Material for this task:

--- START ---

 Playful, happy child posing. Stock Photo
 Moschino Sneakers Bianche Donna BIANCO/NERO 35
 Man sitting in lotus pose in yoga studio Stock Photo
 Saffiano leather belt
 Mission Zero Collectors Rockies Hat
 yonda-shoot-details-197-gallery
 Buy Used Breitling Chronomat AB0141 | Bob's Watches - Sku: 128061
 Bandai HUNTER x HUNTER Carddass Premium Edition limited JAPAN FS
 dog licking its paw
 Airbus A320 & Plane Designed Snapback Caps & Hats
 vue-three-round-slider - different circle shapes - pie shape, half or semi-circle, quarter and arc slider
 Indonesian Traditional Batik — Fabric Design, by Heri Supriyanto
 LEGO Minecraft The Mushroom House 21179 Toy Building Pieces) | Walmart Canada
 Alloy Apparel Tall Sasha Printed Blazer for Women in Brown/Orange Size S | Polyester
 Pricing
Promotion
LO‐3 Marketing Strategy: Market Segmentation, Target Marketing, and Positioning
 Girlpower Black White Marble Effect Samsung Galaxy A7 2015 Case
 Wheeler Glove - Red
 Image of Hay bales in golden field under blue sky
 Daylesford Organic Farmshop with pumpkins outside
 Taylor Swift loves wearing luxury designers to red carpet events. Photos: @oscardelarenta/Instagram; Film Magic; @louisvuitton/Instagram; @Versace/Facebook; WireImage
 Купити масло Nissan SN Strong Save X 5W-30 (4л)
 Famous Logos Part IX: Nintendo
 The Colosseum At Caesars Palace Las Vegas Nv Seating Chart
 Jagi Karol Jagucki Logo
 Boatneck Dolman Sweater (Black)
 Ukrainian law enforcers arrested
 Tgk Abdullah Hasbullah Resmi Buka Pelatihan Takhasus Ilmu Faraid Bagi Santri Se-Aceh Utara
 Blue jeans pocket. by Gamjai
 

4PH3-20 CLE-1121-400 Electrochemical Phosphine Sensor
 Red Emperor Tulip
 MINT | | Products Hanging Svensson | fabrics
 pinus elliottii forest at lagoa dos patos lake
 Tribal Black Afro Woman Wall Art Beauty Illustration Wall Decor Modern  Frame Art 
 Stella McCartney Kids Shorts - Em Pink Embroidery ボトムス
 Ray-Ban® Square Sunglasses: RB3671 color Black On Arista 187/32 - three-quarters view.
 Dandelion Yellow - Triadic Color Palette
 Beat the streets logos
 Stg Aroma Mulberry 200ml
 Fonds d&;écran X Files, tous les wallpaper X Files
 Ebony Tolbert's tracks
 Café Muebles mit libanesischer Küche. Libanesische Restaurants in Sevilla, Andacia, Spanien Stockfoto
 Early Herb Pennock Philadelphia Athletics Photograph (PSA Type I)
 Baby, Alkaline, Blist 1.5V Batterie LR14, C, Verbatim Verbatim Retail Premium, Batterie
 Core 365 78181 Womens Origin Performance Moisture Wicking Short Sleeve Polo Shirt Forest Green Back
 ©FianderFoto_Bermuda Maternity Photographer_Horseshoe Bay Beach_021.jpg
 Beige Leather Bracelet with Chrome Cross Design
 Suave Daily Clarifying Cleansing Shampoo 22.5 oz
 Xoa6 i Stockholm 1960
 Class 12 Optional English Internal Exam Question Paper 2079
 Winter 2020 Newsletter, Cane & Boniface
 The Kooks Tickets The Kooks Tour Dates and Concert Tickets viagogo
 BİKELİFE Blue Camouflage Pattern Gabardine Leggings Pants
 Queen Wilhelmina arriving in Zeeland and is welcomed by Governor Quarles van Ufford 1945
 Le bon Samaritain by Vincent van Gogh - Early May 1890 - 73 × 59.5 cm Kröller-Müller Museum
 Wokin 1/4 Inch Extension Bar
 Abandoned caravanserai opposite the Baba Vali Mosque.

--- END ---

Work instructions:
Establish how many lines of the data above contain "Premium". State that number and no more.

Exercise answer:
2